Delhi High Court: Right to Education Stops Short of Picking Your Dream School

In a significant ruling on EWS admissions under the Right to Education (RTE) Act, the Delhi High Court dismissed an appeal by Pooja, guardian of Baby Devanshi Jaiswar, against private school Aadharshila Vidyapeeth and the Directorate of Education (DoE). A Division Bench led by Chief Justice Devendra Kumar Upadhyaya and Justice Tejas Karia upheld a single judge's order, emphasizing that while the RTE Act promotes social inclusion, it doesn't guarantee admission to a specific school once the academic year concludes without interim court protection.

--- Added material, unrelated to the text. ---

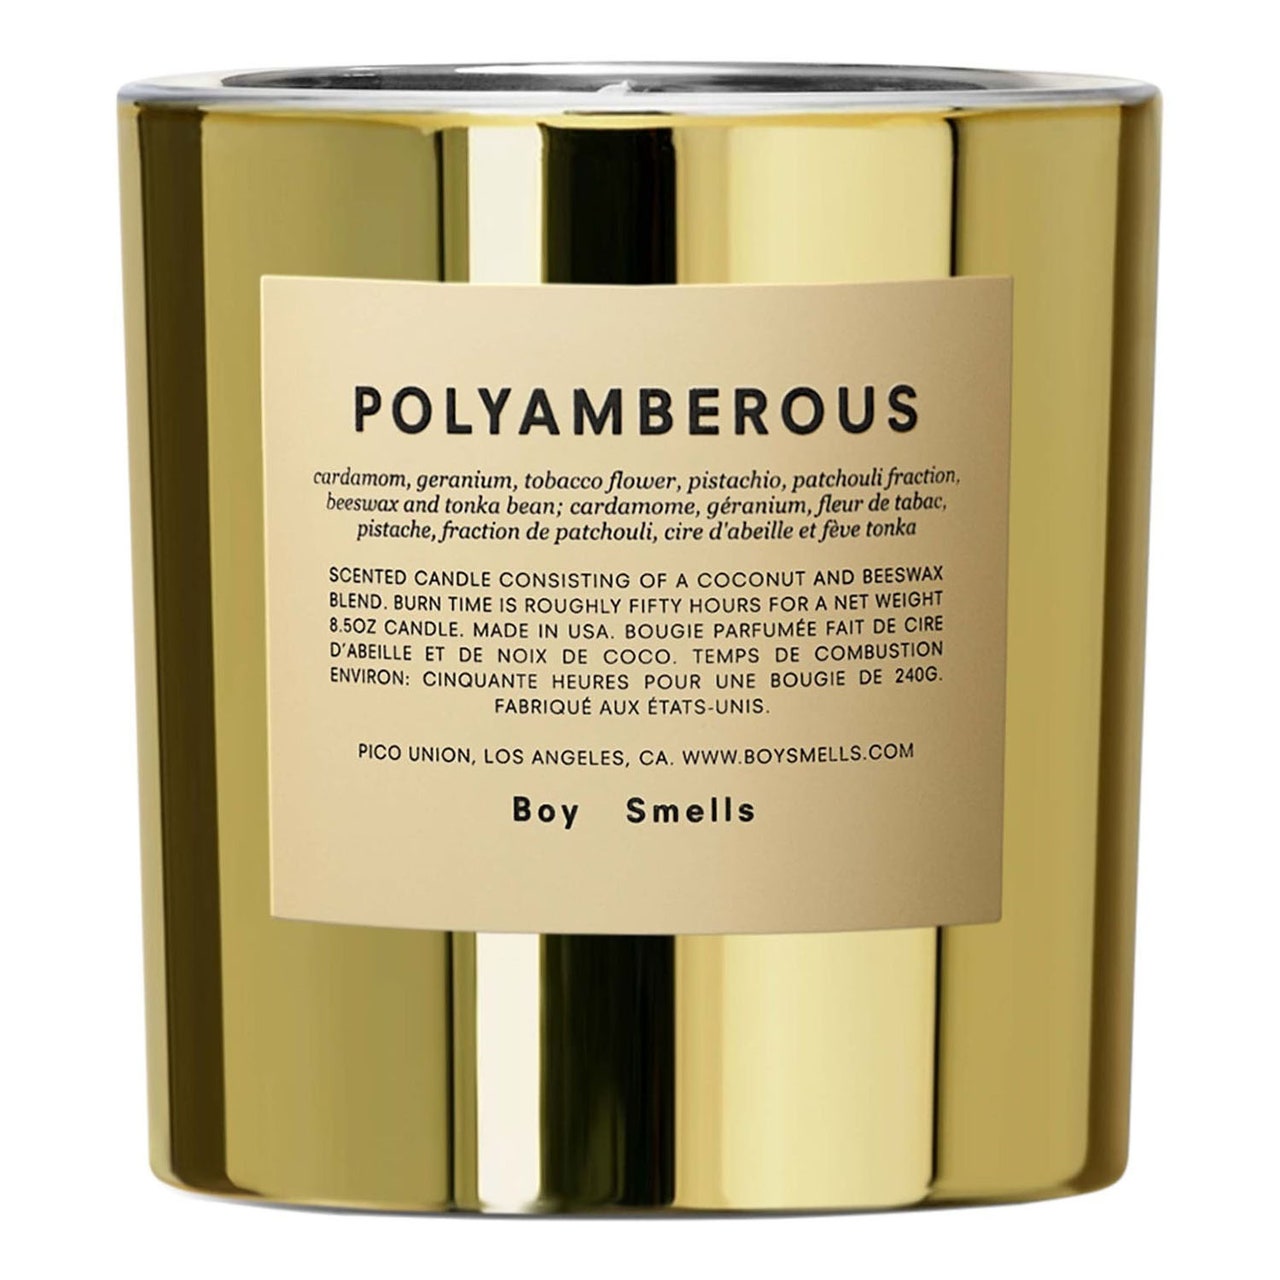 Boy Smells Polyamberous Kerze in Gold auf weißem Hintergrund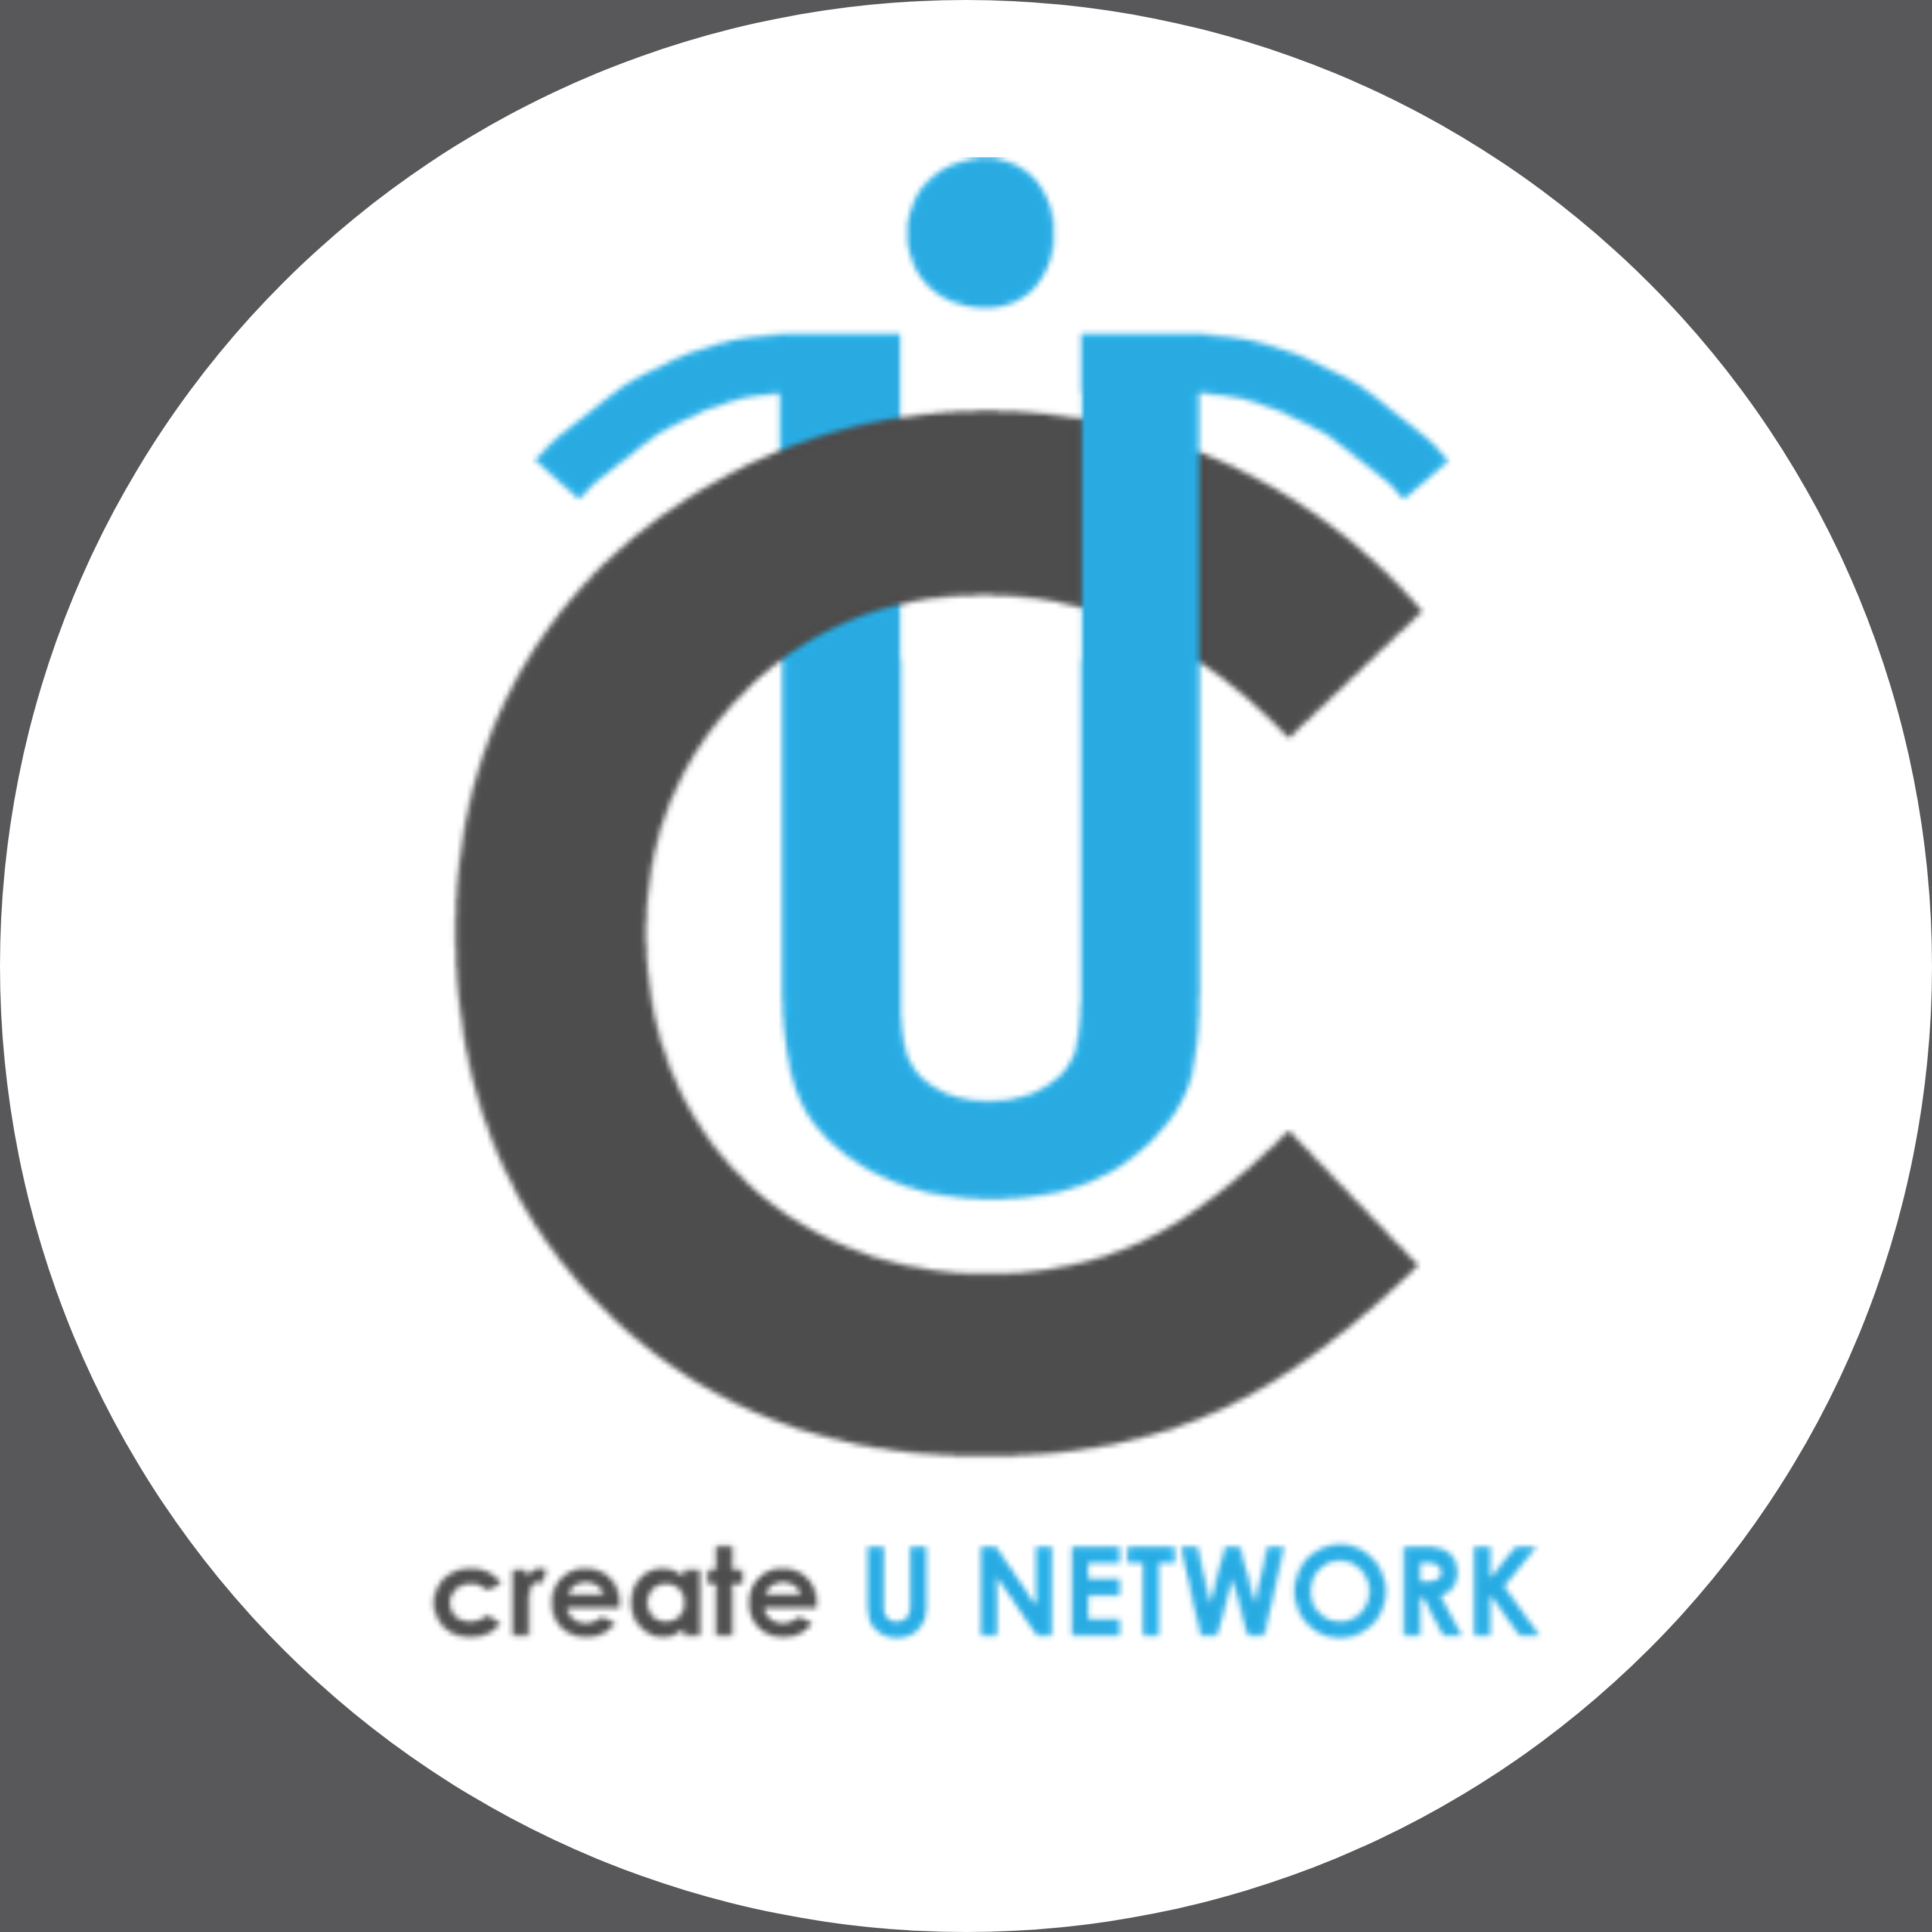 Create U NETWORK

From Draw of Lots to Courtroom Drama

The saga began in early 2023 when Pooja applied for her ward's Class I admission to Aadharshila Vidyapeeth under the EWS/DG category, submitting required documents like income and caste certificates. On March 14, 2023, the DoE's computerized draw of lots selected the child for the school. But when Pooja approached for document verification, the school barred entry, claiming EWS admissions would follow only after general category seats filled—placing the child on a waiting list.

Repeated communications yielded no relief. On October 7, 2023, Pooja filed a writ petition (W.P.(C) 13354/2023) seeking a mandamus for admission in the 2023-2024 academic year. During hearings, the DoE revealed vacancies in Class I at the school, but a tussle emerged: the school argued DoE had over-allocated EWS seats (from 4 to 2) based on a prior representation. The single judge noted chaos potential if post-lottery changes were allowed but sought affidavits.

By May 8, 2024, the single judge dismissed the petition, citing the Ankit Kumar v. GNCTD precedent—no provisional admission or seat reservation meant no relief post-2023-2024 year-end. Unfilled KG/pre-primary seats would carry forward for fresh EWS applicants in 2024-2025 Class I. Pooja appealed (LPA 810/2024), seeking "moulding" of relief to Class II in 2024-2025.

Appellant's Push for Justice vs. Respondents' Stand on Process

Pooja argued her writ was filed within 2023-2024, blaming the school's unjust refusal despite no fault on her part. She invoked S. Krishna Sradha v. State of Andhra Pradesh (Supreme Court, 2020), urging exceptional molding—increasing seats or next-year admission—for meritorious RTE claimants. Pendency shouldn't penalize the child; specific relief to Aadharshila Vidyapeeth was essential.

The school countered via DoE affidavits: an alternate preferred school, Spring Fields Public School, Pitampura (same distance from home), was allotted on July 1, 2023. The child never reported, despite it matching choices in the original form. DoE offered municipal school admission during appeal hearings, but Pooja declined, insisting on the original allotment. Post-lottery seat tweaks were legitimate, and without interim orders, no seat creation possible.

Decoding the Verdict: Precedents and Principles at Play

The Division Bench dissected the single judge's reliance on Ankit Kumar v. GNCTD (2024:DHC:3161), which categorized petitioners: those with provisional admission or reserved seats could shift classes post-year; others lose claims as rights "perish" with the academic year. Unfilled seats carry forward openly, not reserved.

Distinguishing S. Krishna Sradha (MBBS admissions), the court noted its "rarest of rare" seat-increase directive applied pre-cutoff (October 30), inapplicable here as 2023-2024 had lapsed. Siddharth International Public School affirmed carry-forward of unfilled pre-primary seats, but not for bypassed years without protection.

Crucially, RTE's Section 12(1)(c) mandates 25% EWS reservation for inclusion, but as media reports echoed, "such a right to education cannot be translated into right to select a particular school." DoE's alternate allotment fulfilled duties; rejection forfeited leverage.

Key Observations from the Bench

"There is no cavil that the RTE Act is a beneficial legislation with an objective to achieve social inclusion and to ensure that School becomes a common space for children’s education not differentiated by barriers of caste, ethnic group, or caste lines. However, such a right to education cannot be translated into right to select a particular school." (Para 21)

"In the cases where there is no interim order of provisional admission or direction of reserving a seat passed by the Court during the pendency of the petition, the right of the student to be granted admission in the school allotted by the DoE would perish after the Academic Year is over." (Para 25)

"The Appellant was allotted an alternate School by Respondent No. 2 – DoE on 01.07.2023 itself, which was one of the preferred Schools chosen by the Appellant in her application form." (Para 20)

Final Call: Appeal Dismissed, Broader Implications

On March 25, 2026, the bench dismissed the appeal and applications, finding "no infirmity" in the impugned order. No costs ordered.

This reinforces procedural discipline in EWS admissions: seek interim relief promptly or risk year-end finality. Future claimants must prioritize provisional orders; schools/DoE gain clarity on post-lottery adjustments. It balances RTE equity with administrative fairness, potentially curbing "school shopping" while urging DoE transparency on school classes.